Task requirements:
For this exercise, print the listing below exactly, without its pictures.

Source material:
+++++
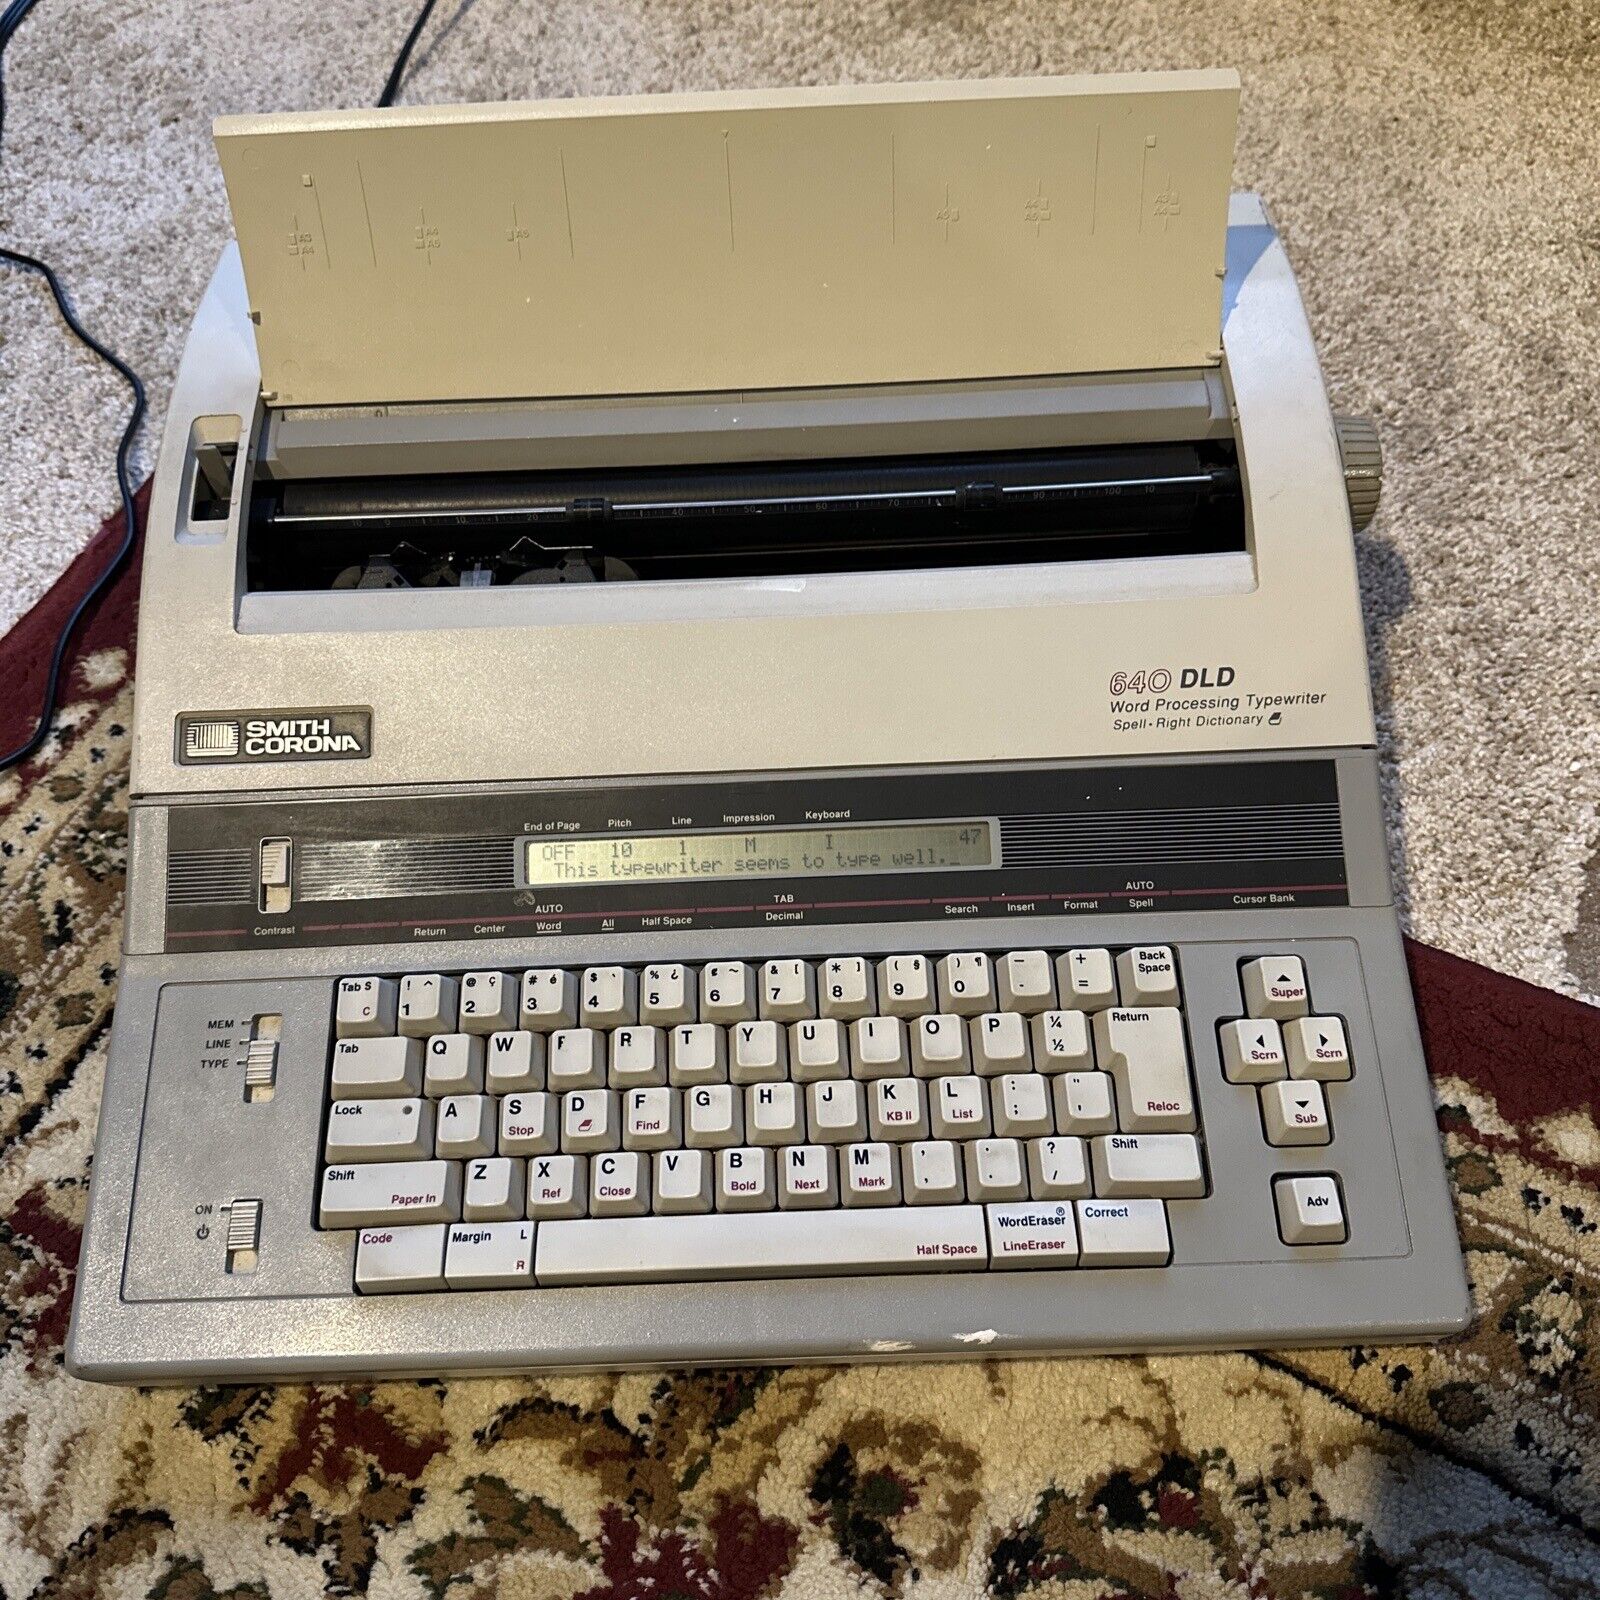 Smith Corona Word Processing Typewriter 640 DLD
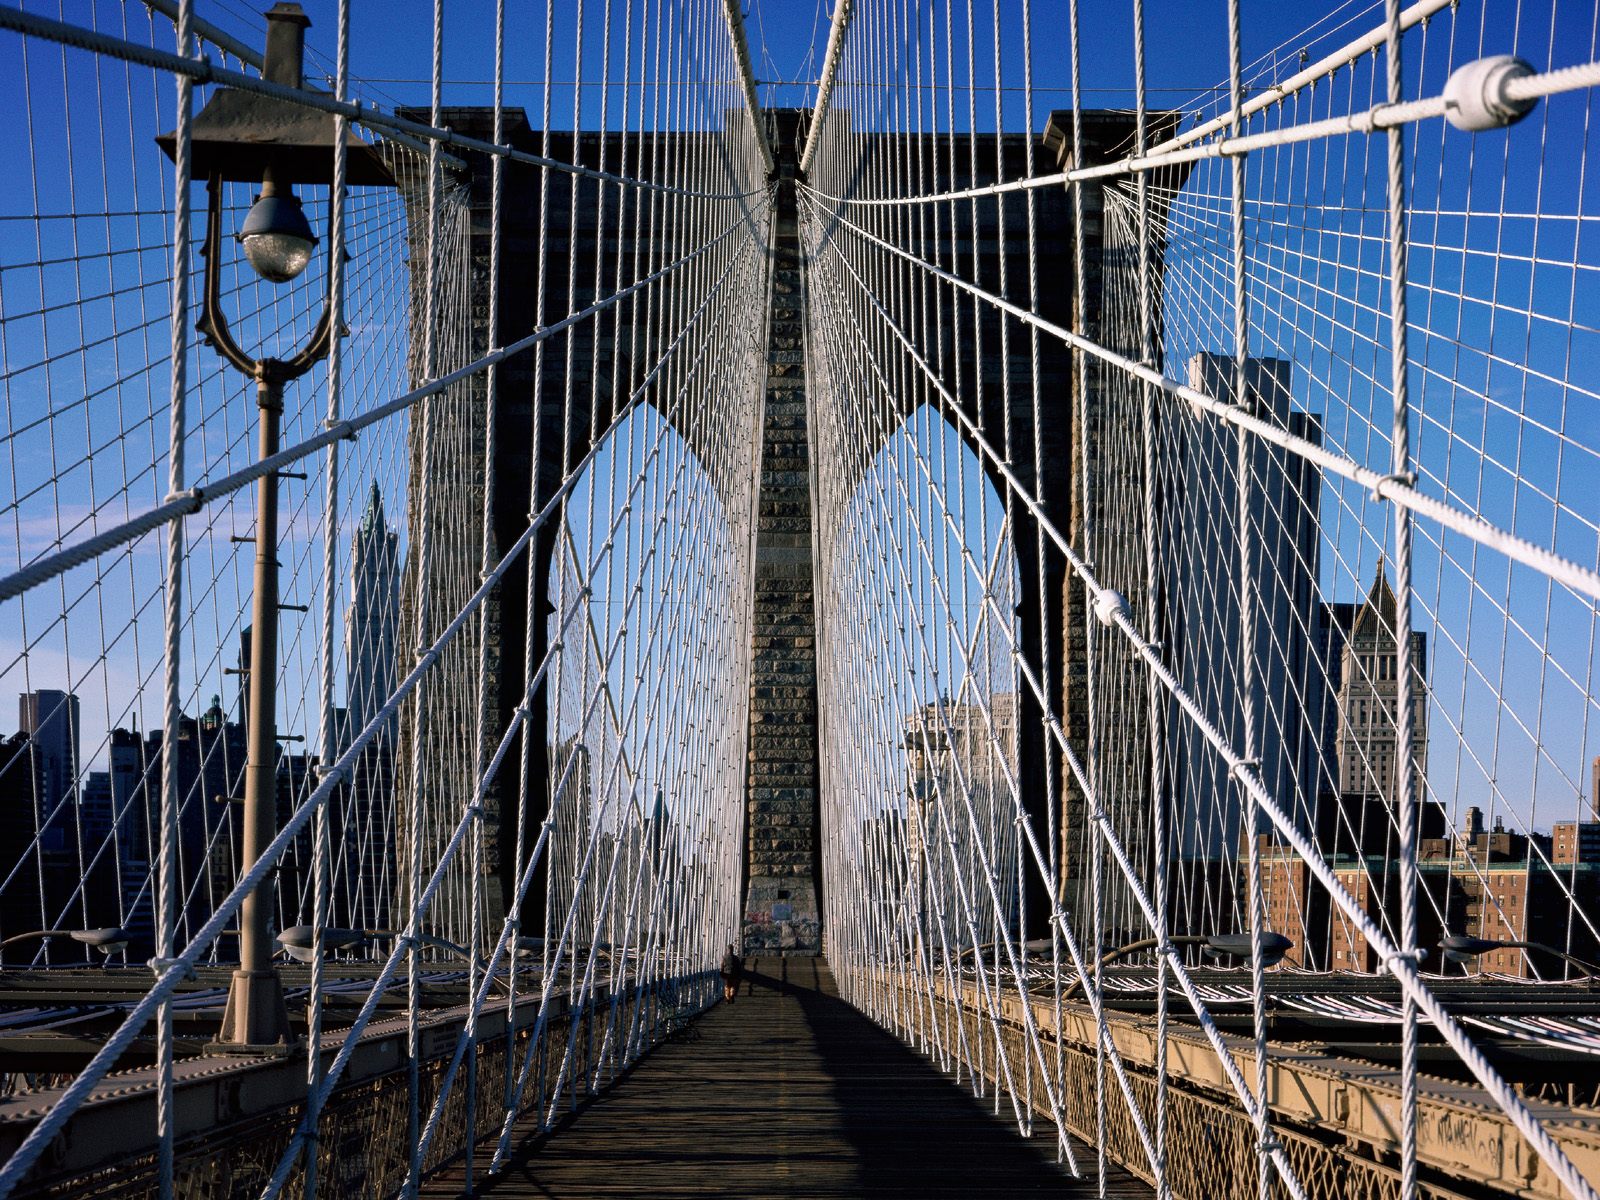 Brooklyn Bridge, New York City, New York - 1600x1200 - ID 41997 - PREMIUM
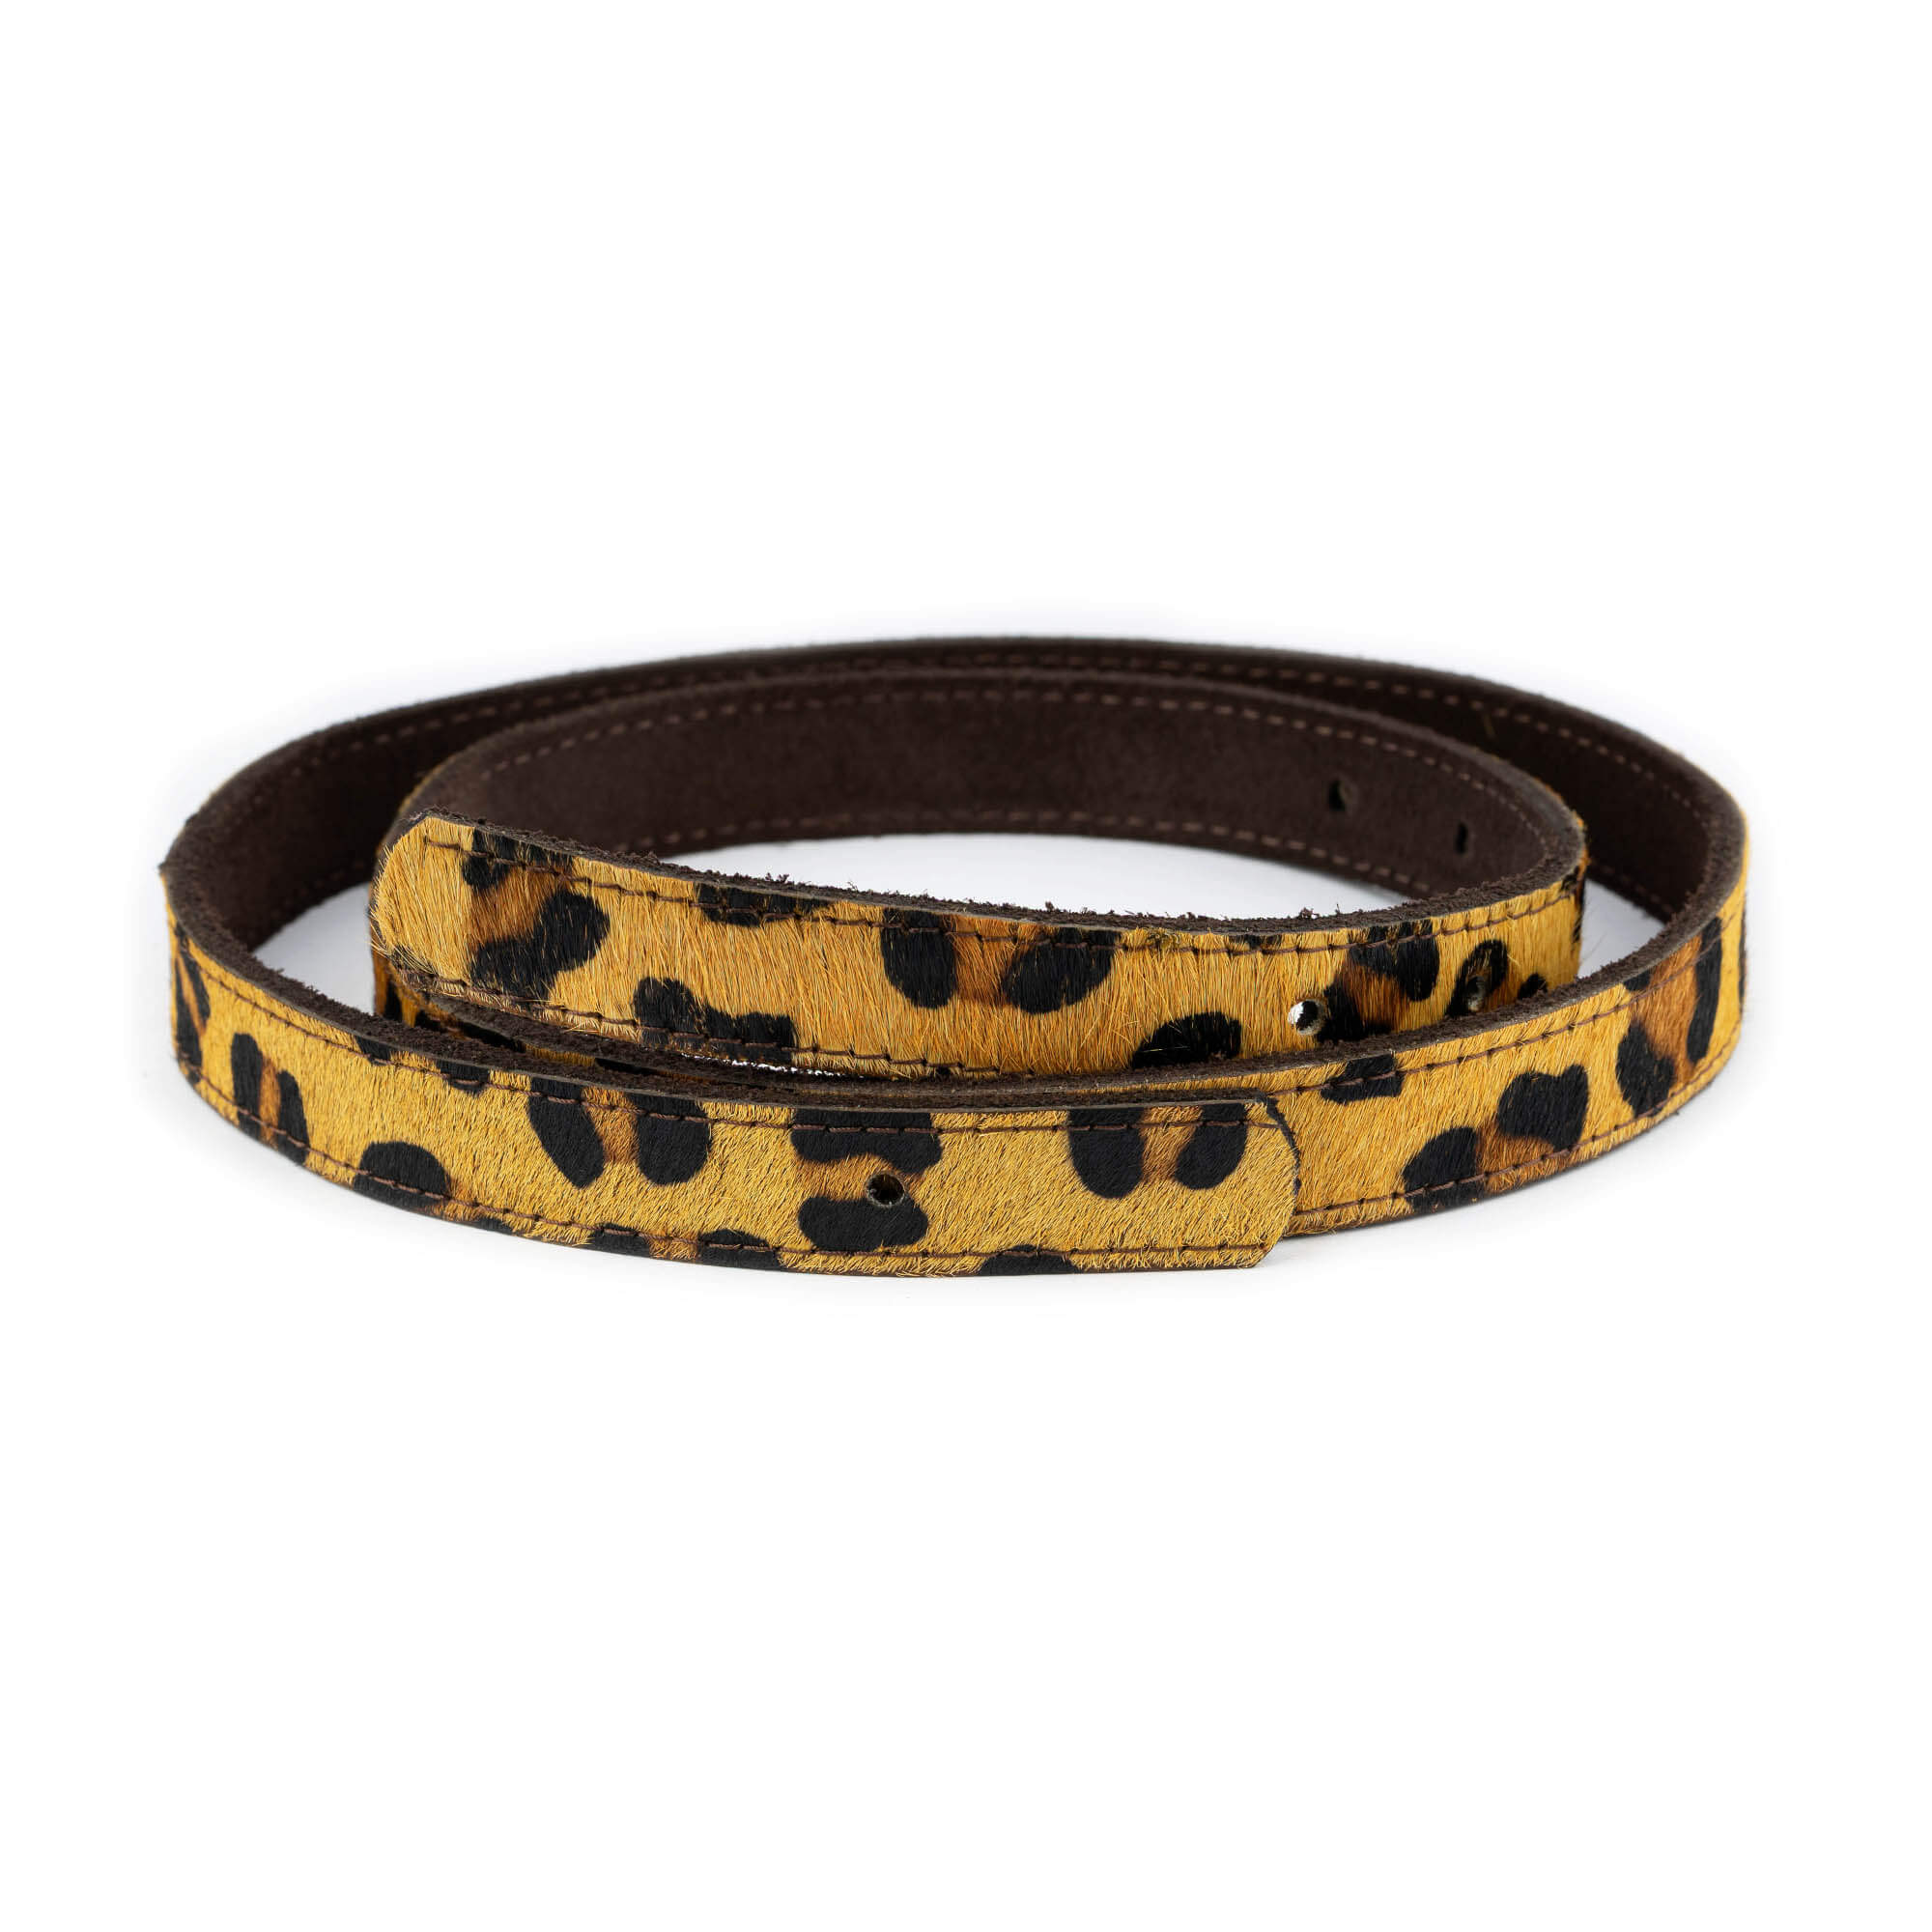 Buy Leopard Calf Hair Belt Strap For Buckle | Capo Pelle
+++++
Response to the exercise:
 Smith Corona Word Processing Typewriter 640 DLD
 Brooklyn Bridge, New York City, New York - 1600x1200 - ID 41997 - PREMIUM
 Buy Leopard Calf Hair Belt Strap For Buckle | Capo Pelle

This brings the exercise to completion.